▸ **YOUR GOAL**: In the copy of the lines below, leave out pictures and print everything else exactly.

▸ **DATA BELOW**:
- - - -

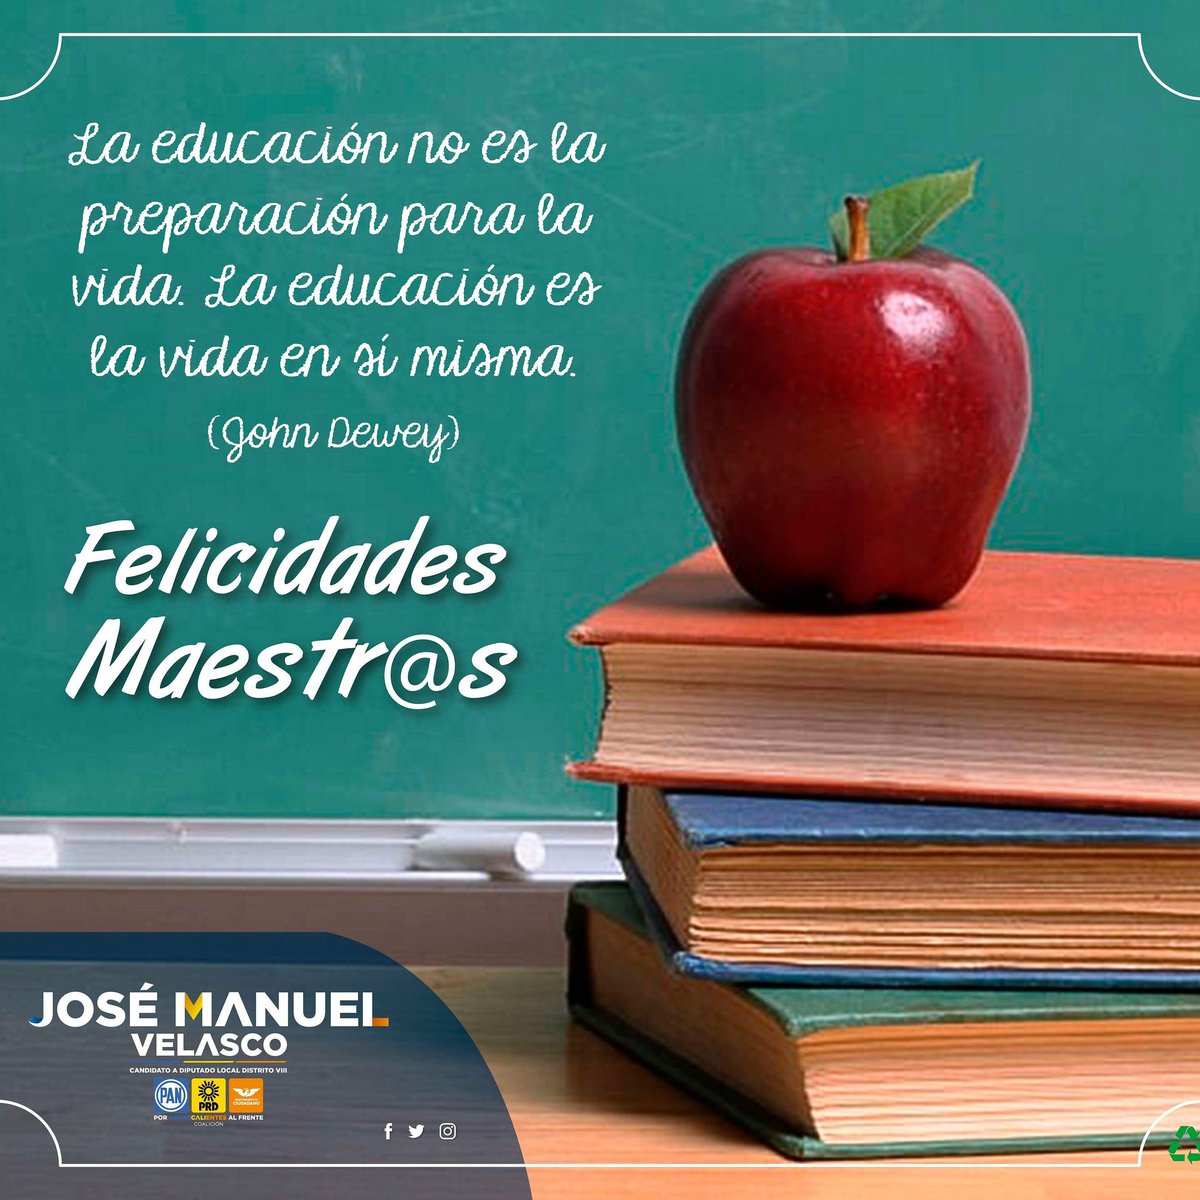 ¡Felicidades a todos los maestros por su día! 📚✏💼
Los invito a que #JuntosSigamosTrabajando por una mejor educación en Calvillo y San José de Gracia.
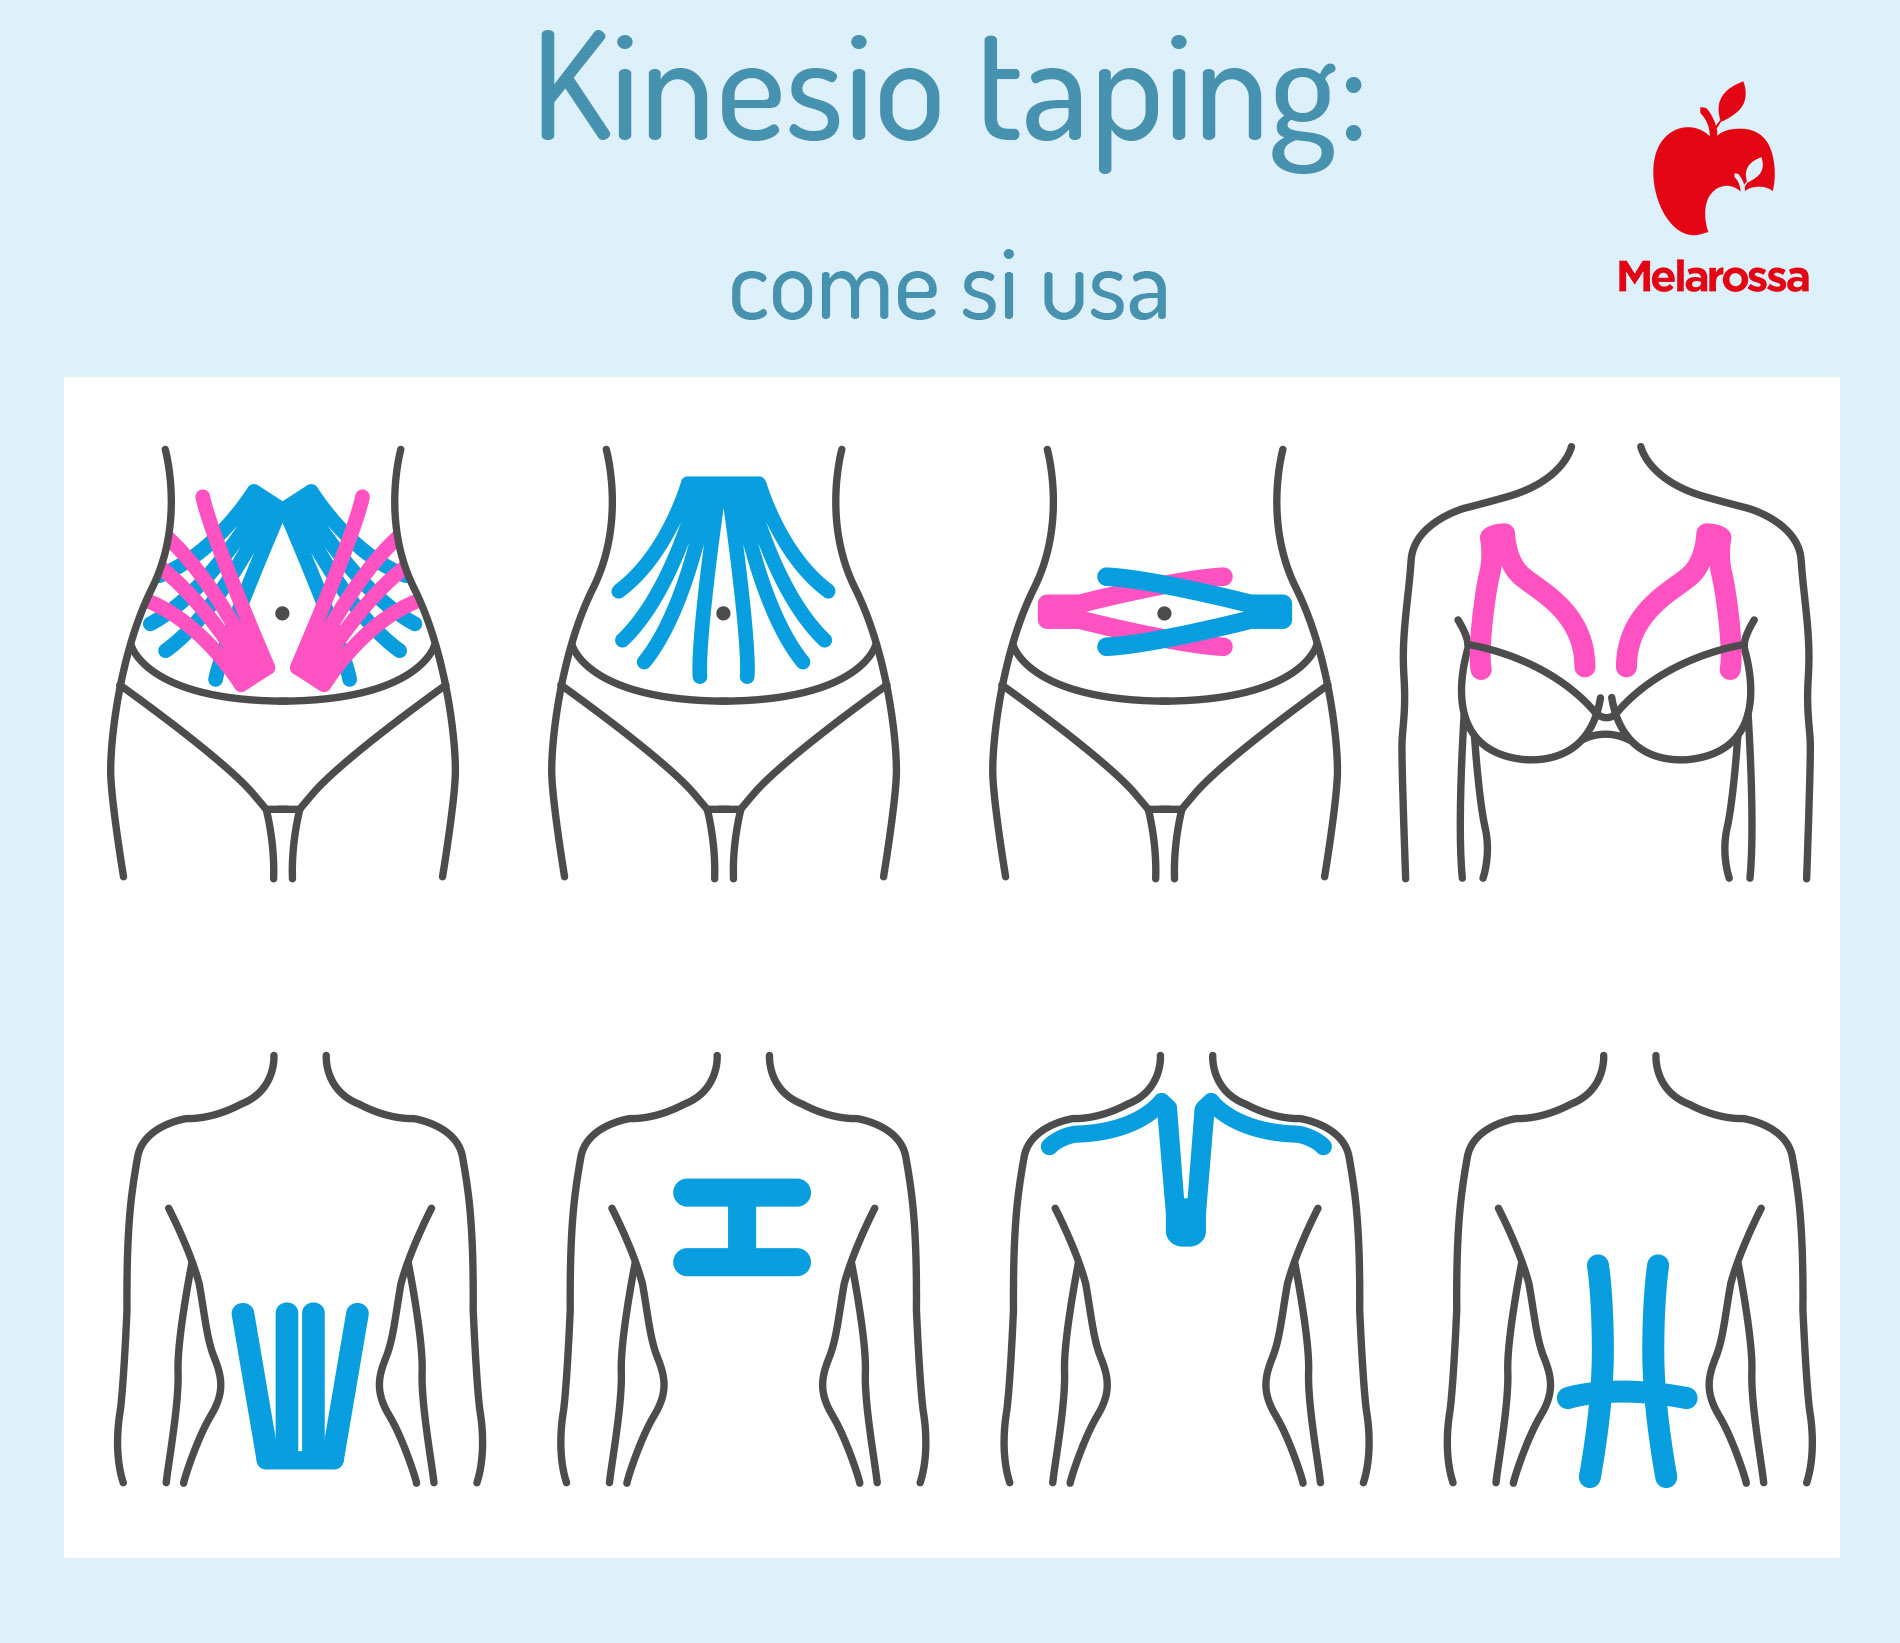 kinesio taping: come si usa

- - - -

▸ **TASK SOLUTION**:
 ¡Felicidades a todos los maestros por su día! 📚✏💼
Los invito a que #JuntosSigamosTrabajando por una mejor educación en Calvillo y San José de Gracia.
 kinesio taping: come si usa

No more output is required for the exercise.